The system controller 34A includes a personal library 56 of digital images 50 that have been previously purchased and uploaded by a user. The system controller 34A searches the personal library 56 of digital images 50 to see if an image that the system controller 34A has predicted will be desired by the user is present within the user's personal library 56. If the system controller 34A finds an image within the personal library 56, the system controller 34A prompts the user, via the HMI 60, to see if the user wishes to display the digital image 50 suggested by the system controller 34A. If the user's personal library 56 does not include a digital image 50 that corresponds to the predictions of the system controller 34A and machine learning model 64, the system controller 34A can access, via the wireless communication module 36, a remote application or provider 58 from which the user may purchase digital images 50 that can be displayed and downloaded to the user's personal library 56 for future use. When the system controller 34A identifies a digital image 50 available from such application 58, the system controller 34A prompts, via the HMI 60, the user with the option to purchase the digital image 50 from the application 58 and display the digital image 50.
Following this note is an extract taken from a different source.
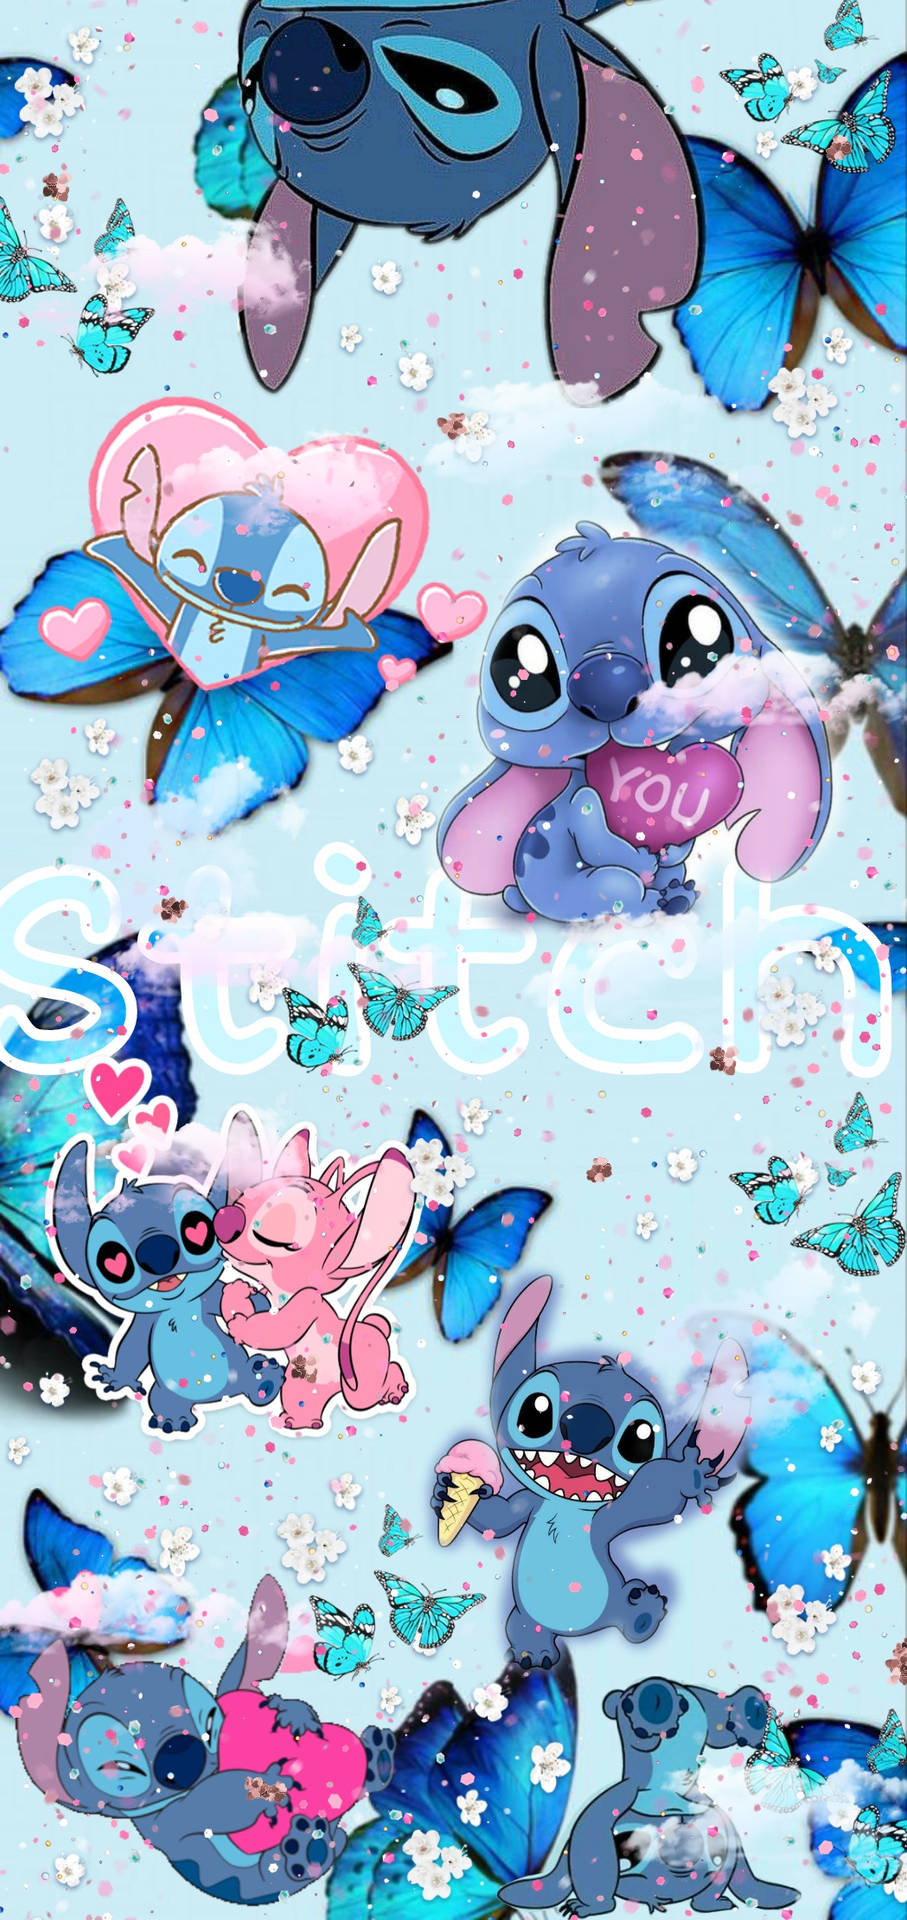 Adorable Stitch Collage

For example, a user is traveling within the vehicle 10 to a football game. The system controller 34A receives data from vehicle systems (navigation, GPS), onboard sensors 40a-40n, and other remote data sources (game schedules) to determine that the vehicle 10 is traveling to the football game. Using machine learning techniques the system controller 34A determines a high probability that the user may desire to display a digital image 50 of the logo of the home team for the football game on the rear window 52B of the vehicle 10. This determination may be based on, for instance, past occurrences where the user displayed a digital image 50 including a logo for the local baseball team when traveling to baseball games. Thus, the system controller 34A, using the machine learning model 64 and machine learning techniques, predicts that the user would want to display a digital image 50 of the logo of the home football team at this time.
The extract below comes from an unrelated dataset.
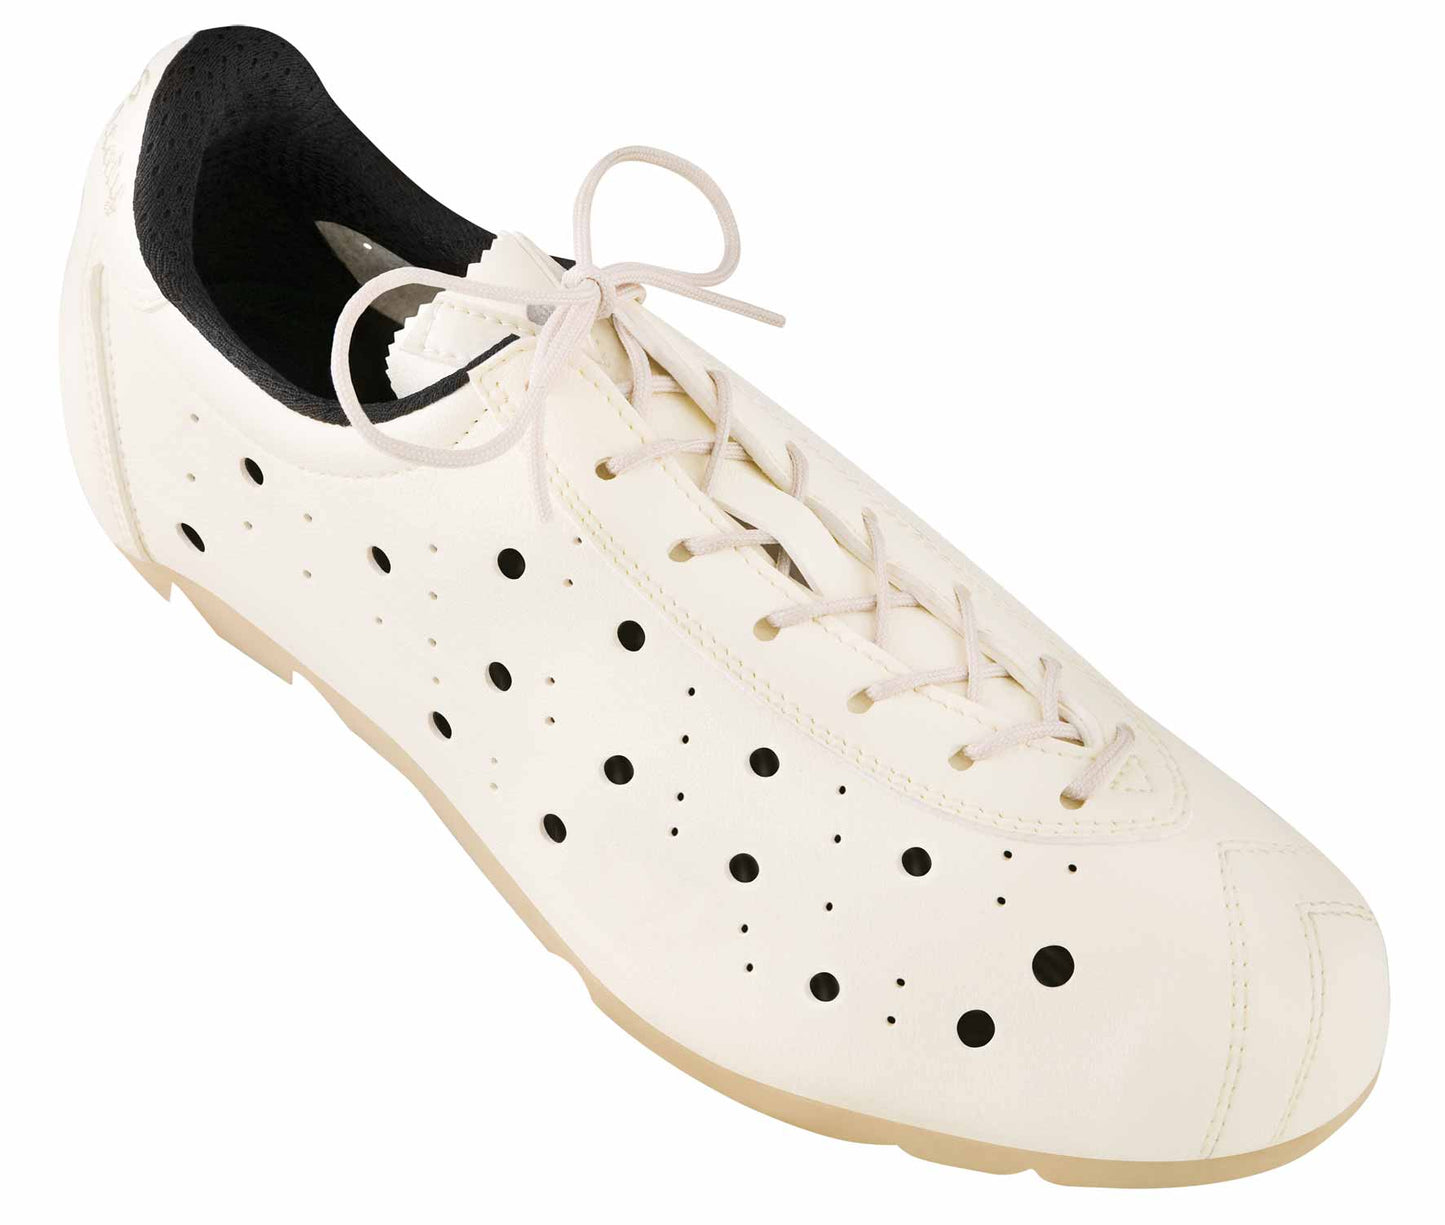 Vittoria 1976 BIANCO LINE Cycling Shoes - Cream

The system controller 34A will search the user's personal library 56 to see if a logo for the home football team is present, and if so, will prompt the user to confirm that the user wishes to display the digital image 50 of the logo for the home football team. If no such digital image 50 is available within the user's personal library 56, the system controller 34A will access remote providers 58, identify a suitable digital image 50, and prompt the user, via the HMI 60, to confirm that the user wishes to purchase and display the digital image 50.
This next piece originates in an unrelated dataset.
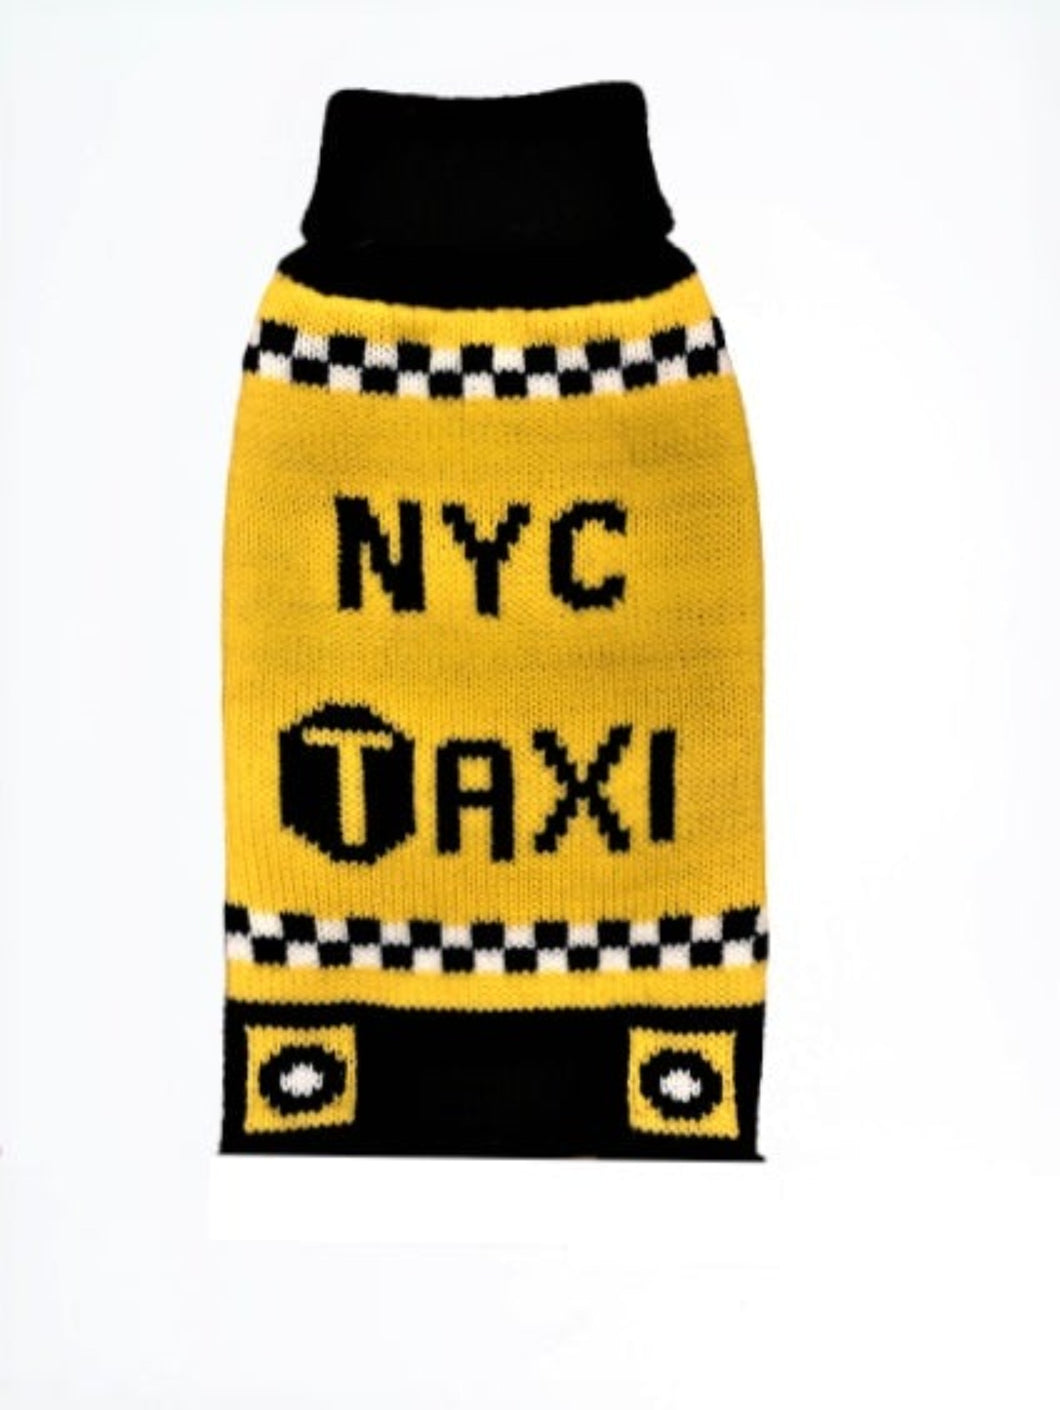 NYC Taxi Dog Sweater

In another example, the system controller 34A, using the occupant monitoring system 62, identifies the user as a new driver or a teen driver and automatically, based on preferences entered by an adult user, displays a digital image 50 indicating “New Driver” to alert other drivers in vicinity of the vehicle 10.
When determining a location for the selected digital image 50 to be displayed, the system controller 34A is further adapted to select a location within a bottom corner region 68 of a front windshield 52A of the vehicle 10 when the selected digital image 50 includes identification and authorization information and display the selected digital image 50 within the bottom corner region 68 of the front windshield 52A. For example, referring to
When determining a location for the selected digital image 50 to be displayed, the system controller 34A is further adapted to select a location within a bottom corner region 70A, 70B, 70C of a rear window 52B of the vehicle 10 when the selected digital image 50 does not include identification and authorization information and display the digital image 50 within the bottom corner region 70A, 70B of the rear window 52B of the vehicle 10. For example, referring to
In an exemplary embodiment, when determining a location for the selected digital image 50 to be displayed, the system controller 34A is further adapted to determine if there is already at least one digital image 50 being displayed at the determined location. When at least one digital image 50 is currently being displayed, the system controller 34A prompts the user to verify that the user wishes to replace one of the at least one currently displayed digital images 50 with the selected digital image 50. The system controller 34A receives, via the HMI 60, confirmation that the user wishes to replace one of the at least one currently displayed digital images 50 with the selected digital image 50, and selection, by the user, of one of the at least one currently displayed digital images 50 to be replaced by the selected digital image 50.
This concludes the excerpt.